Compartment IV is the final digestive and absorptive chamber of the alimentary tube, and its vital centre is the distal half of the duodenum and the whole of the jejunum.
From its situation this compartment is very difficult to investigate. Materials introduced into it, either from above or below, have had to traverse long stretches of the alimentary tube before reaching it, and may be completely altered in composition before arriving. Changes taking place in the more active parts of it are so rapid and intricate that it is almost impossible to get good radiographs of them. Investi- gators, therefore, are compelled to fall back on animal experiments, or on human experiments that are rendered possible by injuries or pathological lesions. Naturally these
cannot be relied on to give an accurate picture of the normal happenings in this part of the tube.
The main activities of Compartment IV may be analysed under the headings of: Chemical actions; Absorption] Muscular movements. The three types of activity are, however, closely interwoven and directed towards a common end; they are,
for all practical purposes, taking place simultaneously.

CHEMICAL ACTIONS

The largest gland providing digestive juice is the pancreas, but most of the glands of the wall of the small intestine contribute digestive fluids.

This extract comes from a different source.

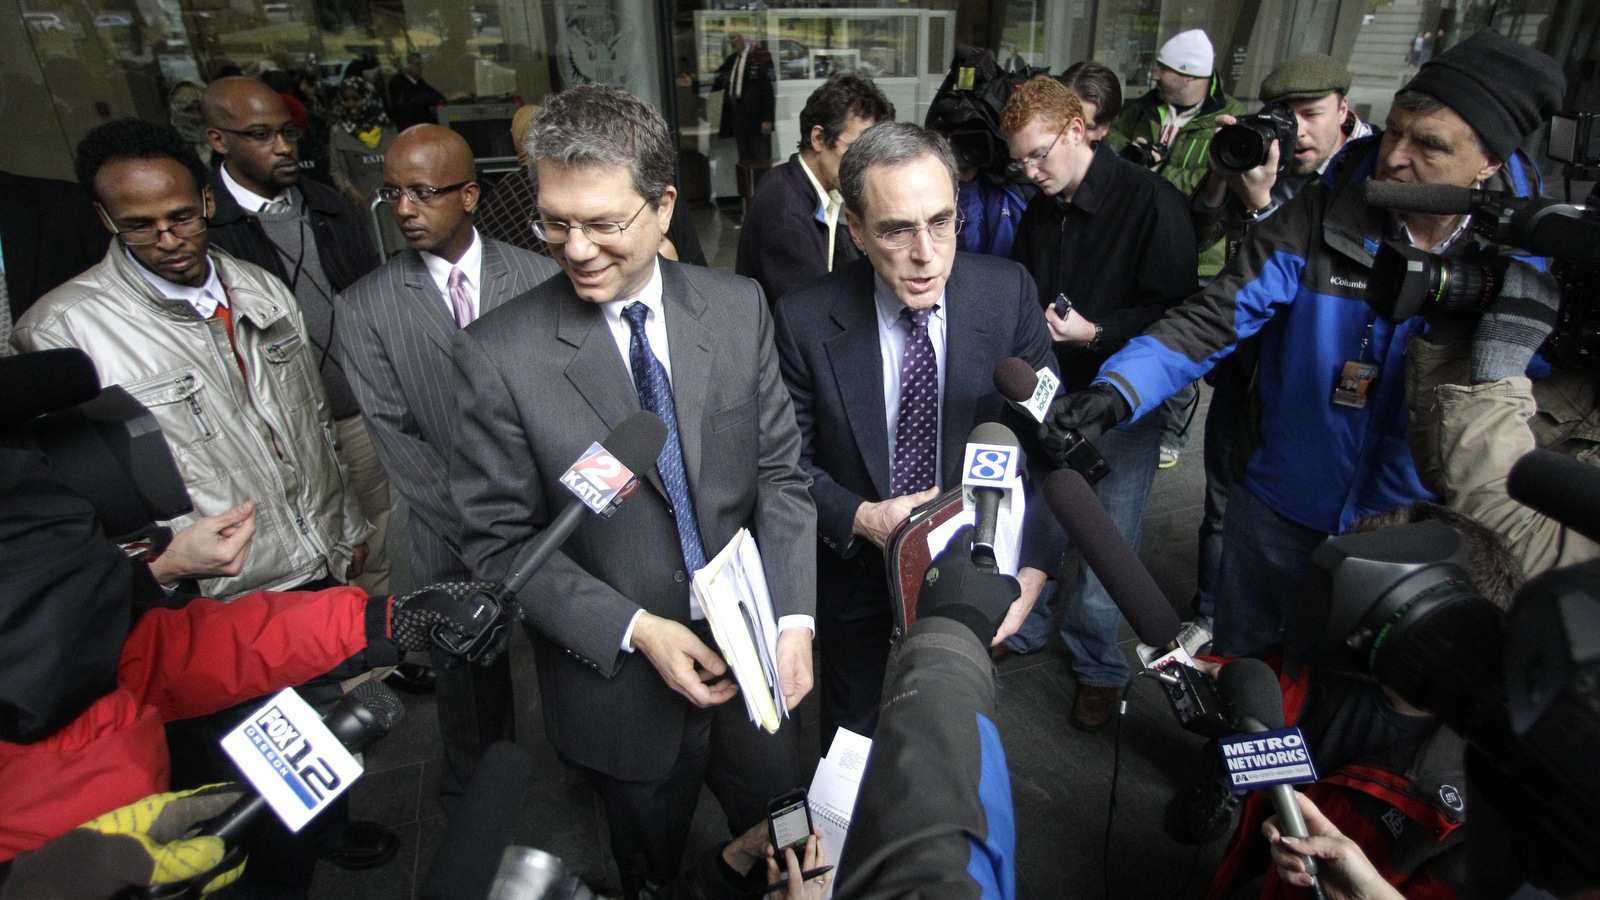 Steven T. Wax, right, federal public defender and Stephen R. Sady, the chief deputy public defender, speak to reporters following an appearance in federal court by thier client, Mohamed Osman Mohamud Monday, Nov. 29, 2010, in Portland, Ore. Authorities say Mohamud and an FBI operative parked a van full of dummy explosives on Southwest Yamhill Street across from Pioneer Courthouse Square just after sundown Friday while thousands gathered in the square for the annual tree lighting. Mohamud is accused of attempting to detonate the explosives. (AP Photo/Rick Bowmer)

In addition, bile from the liver, although not containing any digestive ferments, is added to the digestive mixture and must be considered in its chemical
processes. While the greater part of the chemical action on the chyme takes place in the interior of the tube, a certain amount of it is carried out actually in the cells of the intestinal gland tubules. All the digestive reagents of this compartment are most active in an alkaline medium.
It will simplify the discussion of the various constituents of the digestive juice to consider separately the contributions of the three main sources, namely, pancreas, intestinal glands, and liver.
Pancreas.—The secretion of the pancreas is stimulated partly by nervous impulses through the vagi, and partly by a hormone—secretin—derived from cells of a large stretch of the intestinal wall.
There is a distinct difference in composition between the pancreatic juice stimulated by nervous activity and that stimulated by the hormone. Pancreatic juice resulting from stimulation of the vagi is rich in ferments but poor in alkali. The juice produced by chemical action has the opposite characteristics—it is rich in alkali but poor in ferments. Both factors—nervous and chemical—are used to initiate the normal flow of pancreatic juice and both come quickly into action. It is probable (and has actually been observed) that the
swallowing of food, or even the sight of it, is followed very rapidly by a (nervous) secretion of pancreatic juice. Also, the entry of acid chyme into the duodenum initiates almost at once a (chemical) secretion of the juice. The relation of this chemically stimulated pancreatic juice to the later stages of gastric digestion is worthy of note; in the fluid regurgitated through the pylorus, neutralization òf the stomach acid rather than digestive action is the dominant requirement, and for this the chemically stimulated juice would seem to be the more suitable.
Pancreatic juice is an alkaline fluid containing several digestive ferments, the chief of which are: Trypsinogen; Lipase; Amylase.
Before it can effect any digestive action trypsinogen must be converted into trypsin. This is brought about mainly by a substance—enterokinase—which is elaborated by the intestinal glands, although some other materials, e.g., bile, are also able to convert some of the trypsinogen into trypsin.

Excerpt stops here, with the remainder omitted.